Five priority areas for future U.S. homeland security focus

On the heels of the tenth anniversary of the creation of the U.S. Department of Homeland Security (DHS), Booz Allen Hamilton outlined five priority areas for the next decade of homeland security.

“Homeland security is an ever-evolving challenge,” said Adm. (Ret.) Thad Allen, Booz Allen Senior Vice President. “Today’s threats look much different than they did when DHS was created. To build and sustain a more resilient nation, we must move away from defining our problems in terms of an organization designed under stress. We should begin with a new assessment of where we’ve been and where we’re going.”

The five areas are:

1. Resiliency. When it comes to natural disasters, investing in prevention and mitigation will provide a long-term payback that can limit the cost of hastily-arranged responses. But this requires rethinking the roles and responsibilities of government and the private sector.

Using a “whole of community” model demands collaboration and coordination across the public and private sectors and non-profit community, as well as the recognition that some risks are regional in nature and therefore necessitate state and local government leadership.

2. Law enforcement and counterterrorism. Counterterrorism and transnational crime demand a network-on-network approach. International terrorism and transnational crime are highly networked threats, that include complex financial, travel, and personal links. So too, DHS and its partners must mount a networked response to sharing information and coordinating operations.

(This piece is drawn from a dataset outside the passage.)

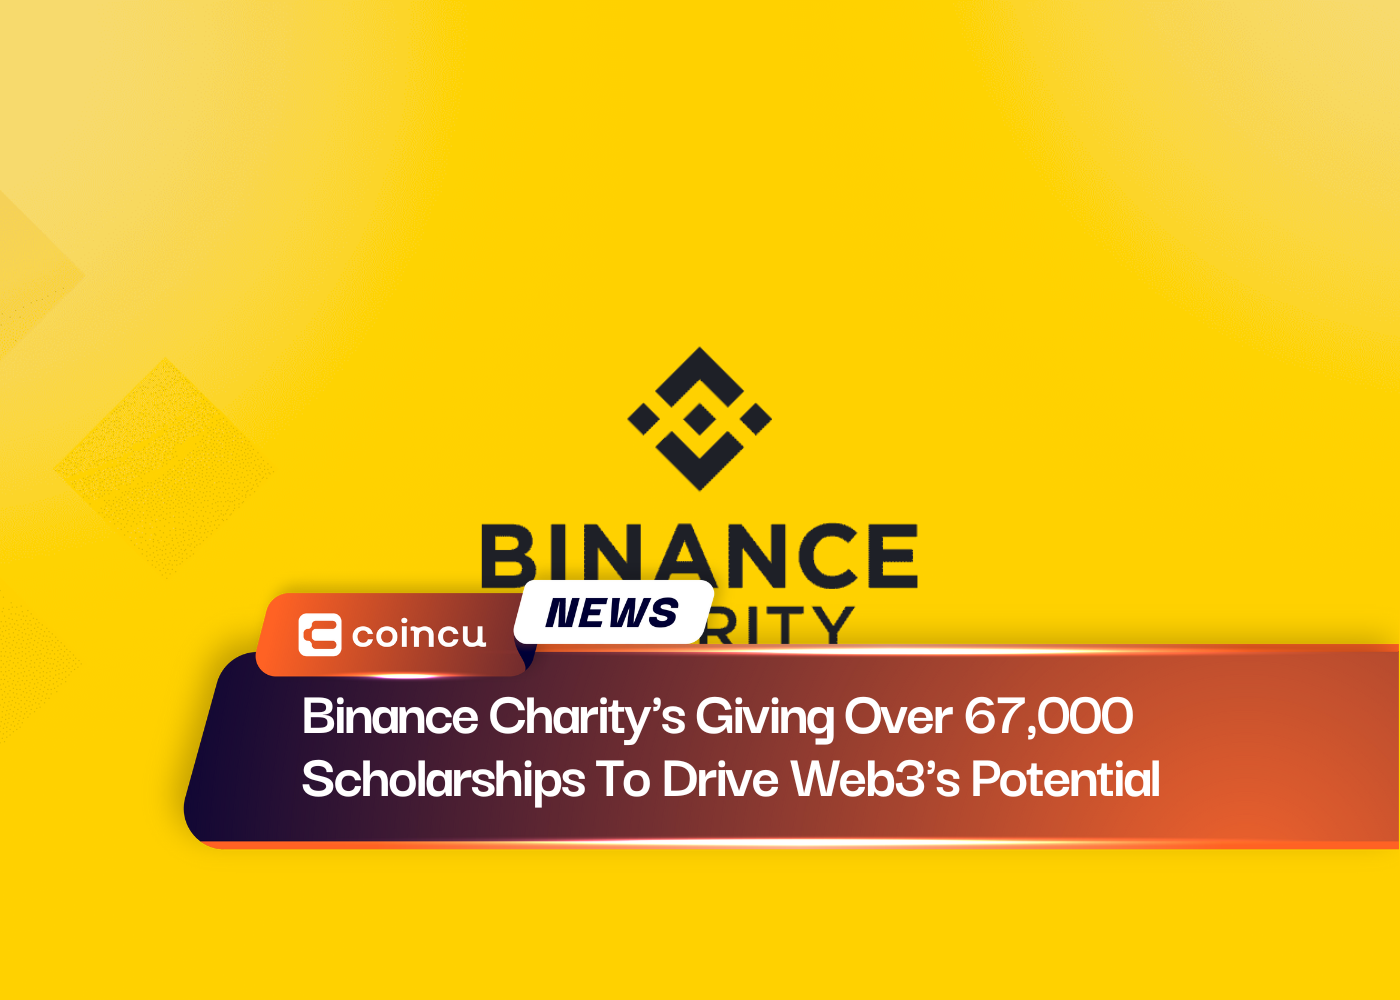 Binance Charity's Giving Over 67,000 Scholarships To Drive Web3's Potential
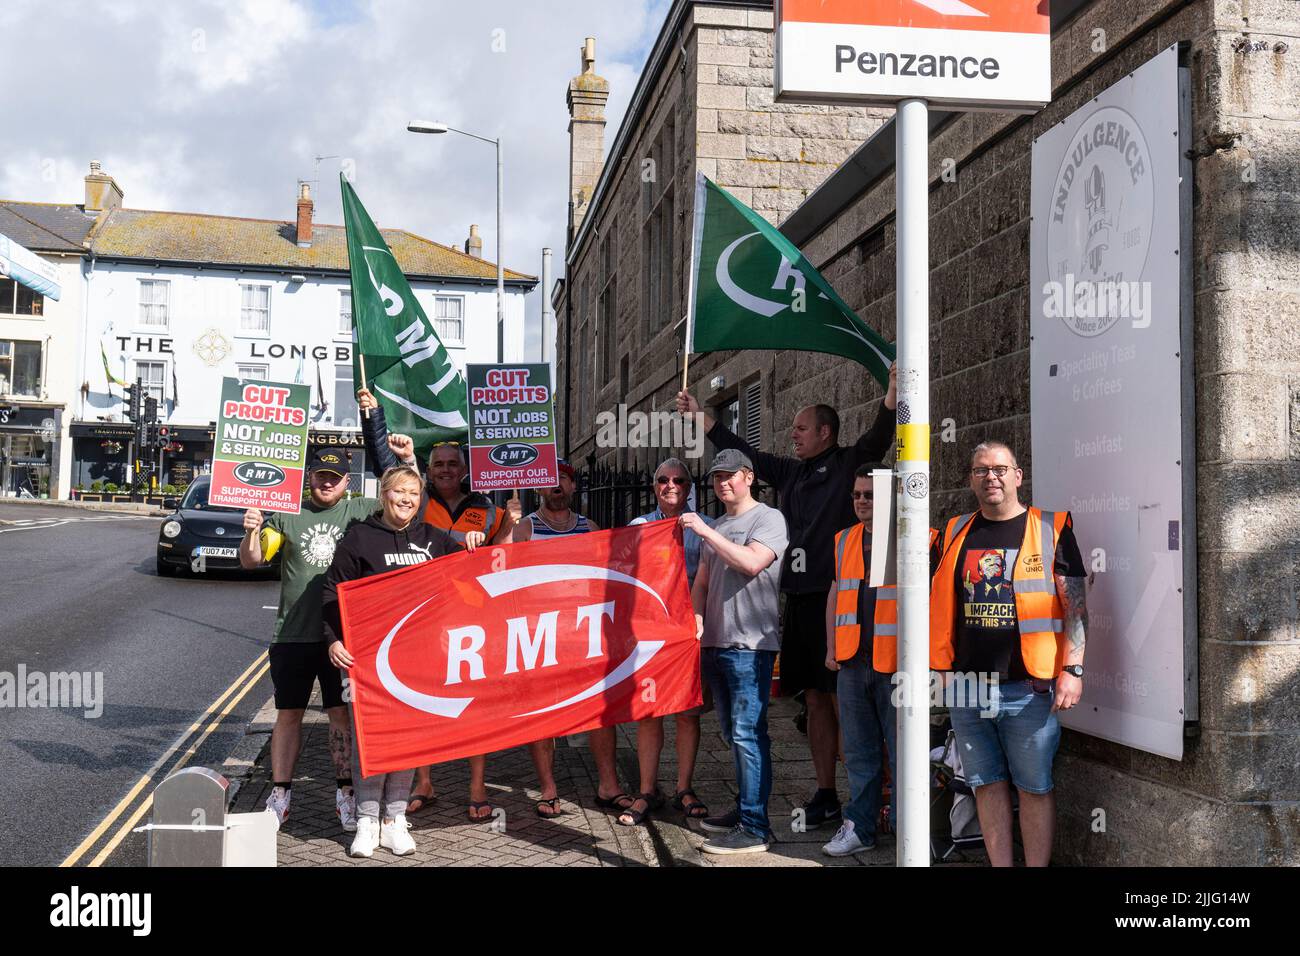 Striking RMT workers on a picket line at Penzance Railway station in Cornwall in the UK. Stock Photo

3. Enterprise insights. It is time to use enterprise solutions such as cloud analytics to drive integration of enforcement, security, and response functions. Technology to address big data issues is a hurdle, but so too is organizational leadership.

4. Borders. Protecting physical borders is no longer enough. Today’s borders are not defined solely by geography. The majority of trade flowing into and from the U.S. is virtually “inspected” through analytic tools, not by physical inspections at ports of entry.

In fact, the “functional border” is comprised of air, land, sea, and cyber domains through which legitimate and illegitimate flows of people and goods pass. As a result, we must create more holistic, integrated approach to facilitating, security, and enforcing the movement of goods and people across all domains.

5. Cybersecurity. Cyber attacks pose grave threats to critical U.S. infrastructure and defending our cyberspace requires the effective collaboration of government and industry. Embracing this shared responsibility will help us understand cyber citizenship and its implications for the functioning of markets, civil institutions and informal networks.

We cannot divorce security from network consolidations, the acquisition and management of data, and the public and private use of the internet across all domains.